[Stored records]
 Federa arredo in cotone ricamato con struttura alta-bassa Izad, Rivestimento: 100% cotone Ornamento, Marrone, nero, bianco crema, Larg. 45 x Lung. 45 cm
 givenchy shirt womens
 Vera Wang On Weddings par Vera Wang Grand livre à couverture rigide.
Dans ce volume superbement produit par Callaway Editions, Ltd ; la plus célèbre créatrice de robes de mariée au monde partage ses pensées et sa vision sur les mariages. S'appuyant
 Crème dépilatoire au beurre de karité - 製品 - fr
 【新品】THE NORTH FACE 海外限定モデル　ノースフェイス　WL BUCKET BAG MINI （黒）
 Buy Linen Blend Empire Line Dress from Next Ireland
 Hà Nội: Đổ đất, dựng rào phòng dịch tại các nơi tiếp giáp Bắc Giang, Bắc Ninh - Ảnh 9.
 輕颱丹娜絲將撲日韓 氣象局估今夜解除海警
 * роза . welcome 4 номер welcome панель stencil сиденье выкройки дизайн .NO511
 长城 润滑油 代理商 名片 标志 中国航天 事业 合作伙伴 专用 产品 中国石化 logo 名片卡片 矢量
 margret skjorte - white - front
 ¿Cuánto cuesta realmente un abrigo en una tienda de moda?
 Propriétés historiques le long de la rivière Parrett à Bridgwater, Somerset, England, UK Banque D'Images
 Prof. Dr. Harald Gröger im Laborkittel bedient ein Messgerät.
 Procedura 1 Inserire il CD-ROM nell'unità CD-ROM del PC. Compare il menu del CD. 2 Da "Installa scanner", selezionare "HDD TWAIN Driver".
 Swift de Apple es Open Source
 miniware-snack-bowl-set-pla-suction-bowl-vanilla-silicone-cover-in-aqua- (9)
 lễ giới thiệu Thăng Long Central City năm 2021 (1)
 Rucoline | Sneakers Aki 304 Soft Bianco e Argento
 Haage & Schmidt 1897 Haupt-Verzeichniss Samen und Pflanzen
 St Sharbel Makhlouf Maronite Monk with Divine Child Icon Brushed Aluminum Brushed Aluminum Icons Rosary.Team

What the task asks: Going line by line, copy the data above exactly.

Answer for this exercise:
 Federa arredo in cotone ricamato con struttura alta-bassa Izad, Rivestimento: 100% cotone Ornamento, Marrone, nero, bianco crema, Larg. 45 x Lung. 45 cm
 givenchy shirt womens
 Vera Wang On Weddings par Vera Wang Grand livre à couverture rigide.
Dans ce volume superbement produit par Callaway Editions, Ltd ; la plus célèbre créatrice de robes de mariée au monde partage ses pensées et sa vision sur les mariages. S'appuyant
 Crème dépilatoire au beurre de karité - 製品 - fr
 【新品】THE NORTH FACE 海外限定モデル　ノースフェイス　WL BUCKET BAG MINI （黒）
 Buy Linen Blend Empire Line Dress from Next Ireland
 Hà Nội: Đổ đất, dựng rào phòng dịch tại các nơi tiếp giáp Bắc Giang, Bắc Ninh - Ảnh 9.
 輕颱丹娜絲將撲日韓 氣象局估今夜解除海警
 * роза . welcome 4 номер welcome панель stencil сиденье выкройки дизайн .NO511
 长城 润滑油 代理商 名片 标志 中国航天 事业 合作伙伴 专用 产品 中国石化 logo 名片卡片 矢量
 margret skjorte - white - front
 ¿Cuánto cuesta realmente un abrigo en una tienda de moda?
 Propriétés historiques le long de la rivière Parrett à Bridgwater, Somerset, England, UK Banque D'Images
 Prof. Dr. Harald Gröger im Laborkittel bedient ein Messgerät.
 Procedura 1 Inserire il CD-ROM nell'unità CD-ROM del PC. Compare il menu del CD. 2 Da "Installa scanner", selezionare "HDD TWAIN Driver".
 Swift de Apple es Open Source
 miniware-snack-bowl-set-pla-suction-bowl-vanilla-silicone-cover-in-aqua- (9)
 lễ giới thiệu Thăng Long Central City năm 2021 (1)
 Rucoline | Sneakers Aki 304 Soft Bianco e Argento
 Haage & Schmidt 1897 Haupt-Verzeichniss Samen und Pflanzen
 St Sharbel Makhlouf Maronite Monk with Divine Child Icon Brushed Aluminum Brushed Aluminum Icons Rosary.Team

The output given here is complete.